Gadamer (VM): círculo da compreensão

Porém, essa nossa relação com a tradição, essa comunhão está submetida a um processo de contínua formação. Não se trata simplesmente de uma pressuposição, sob a qual nos encontramos sempre, porém nós mesmos vamos instaurando-a, na medida em que compreendemos, em que participamos do acontecer da tradição e continuamos determinando-o, assim, a partir de nós próprios. O círculo da compreensão não é, (299) portanto, de modo algum, um círculo “metodológico”, pois isso sim, descreve um momento estrutural ontológico da compreensão. VERDADE E MÉTODO SEGUNDA PARTE 2.

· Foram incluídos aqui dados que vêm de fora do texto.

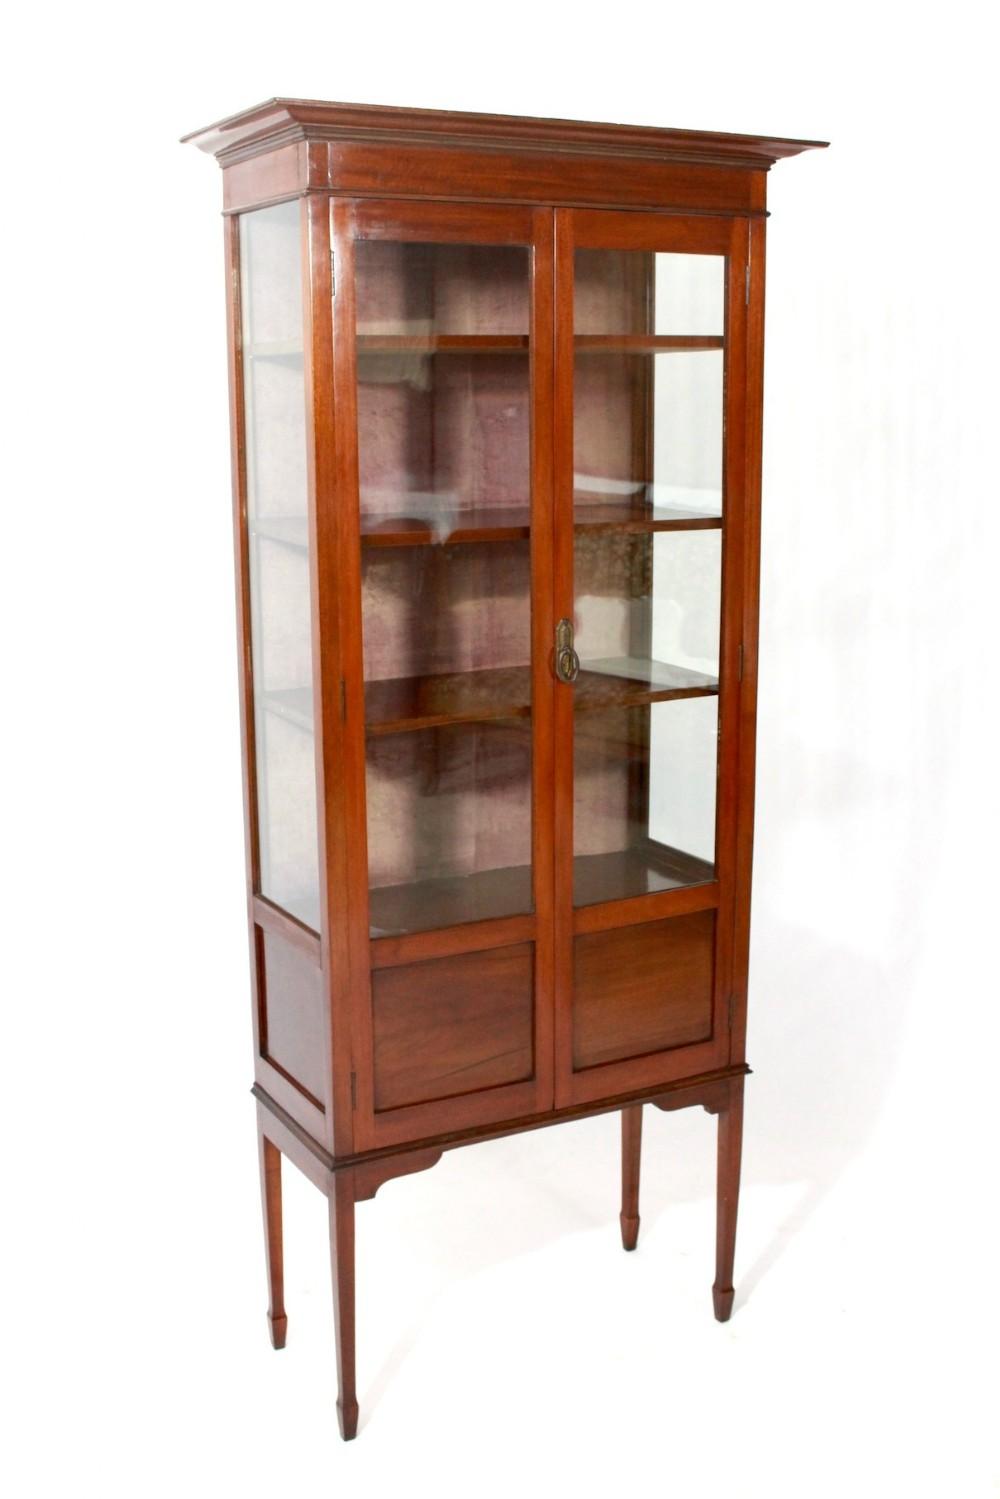 SaveEnlarge · Antique Edwardian Inlaid Mahogany Display Cabinet 318153 - Antique Display Cabinets - Nagpurentrepreneurs

(57) Sobre o círculo da compreensão (1959) VERDADE E MÉTODO II PRELIMINARES 5.

O que tem me ocupado nos últimos anos e o que tenho buscado em diversas conferências ainda não publicadas (Bild und Wort; Das Sein des Gedichteten; Von der Wahrheit des Wortes; Philo-sophical, poetical, religious speaking = Imagem e palavra; O ser do poético; Sobre a verdade da palavra; Diálogo filosófico, poético e religioso) são os problemas hermenêuticos especiais dos textos eminentes. Esse tipo de texto fixa a pura ação de linguagem, e tem com isso um eminente relacionamento com o escrito. Nele, a linguagem está presente de tal modo que sua relação cognitiva com o dado está tão suspensa como a referência comunicativa no sentido da interpelação. Então, a situação hermenêutica geral básica da constituição e fusão de horizontes, a que dei um desenvolvimento conceitual expresso, deverá ser aplicada também a esses textos eminentes. Estou longe de afirmar que o modo como uma obra de arte fala à sua época e ao seu mundo (o que H.R. Jauss chama de sua “negatividade”) não ajuda a determinar seu significado, ou seja, o modo como ela nos fala. Este era realmente o núcleo da consciência da história dos efeitos, a saber, pensar a obra (Werk) e seu efeito (Wirkung) como a unidade de um sentido. O que descrevi como fusão de horizontes representa a forma como essa unidade se realiza. Esta não permite ao intérprete falar de um sentido originário de uma obra sem que na compreensão da mesma já não esteja sempre implicado o sentido próprio do intérprete. Toda vez que se pensar, por exemplo, que é possível “romper” o círculo da compreensão, através do método histórico-crítico (como pensou recentemente Kimmerle), se está ignorando essa estrutura hermenêutica fundamental. O que Kimmerle descreve, assim, é simplesmente o que Heidegger caracterizava como “entrar no círculo de maneira correta”, ou seja, não é uma atualização anacrônica e nem um acrítico puxar brasas para a sardinha das próprias opiniões prévias. A elaboração do horizonte histórico de um texto já é sempre uma fusão de horizontes. O horizonte histórico não pode ser erigido primeiramente por si. Isso é conhecido na hermenêutica mais recente como a problemática da compreensão prévia. VERDADE E MÉTODO II ANEXOS 29.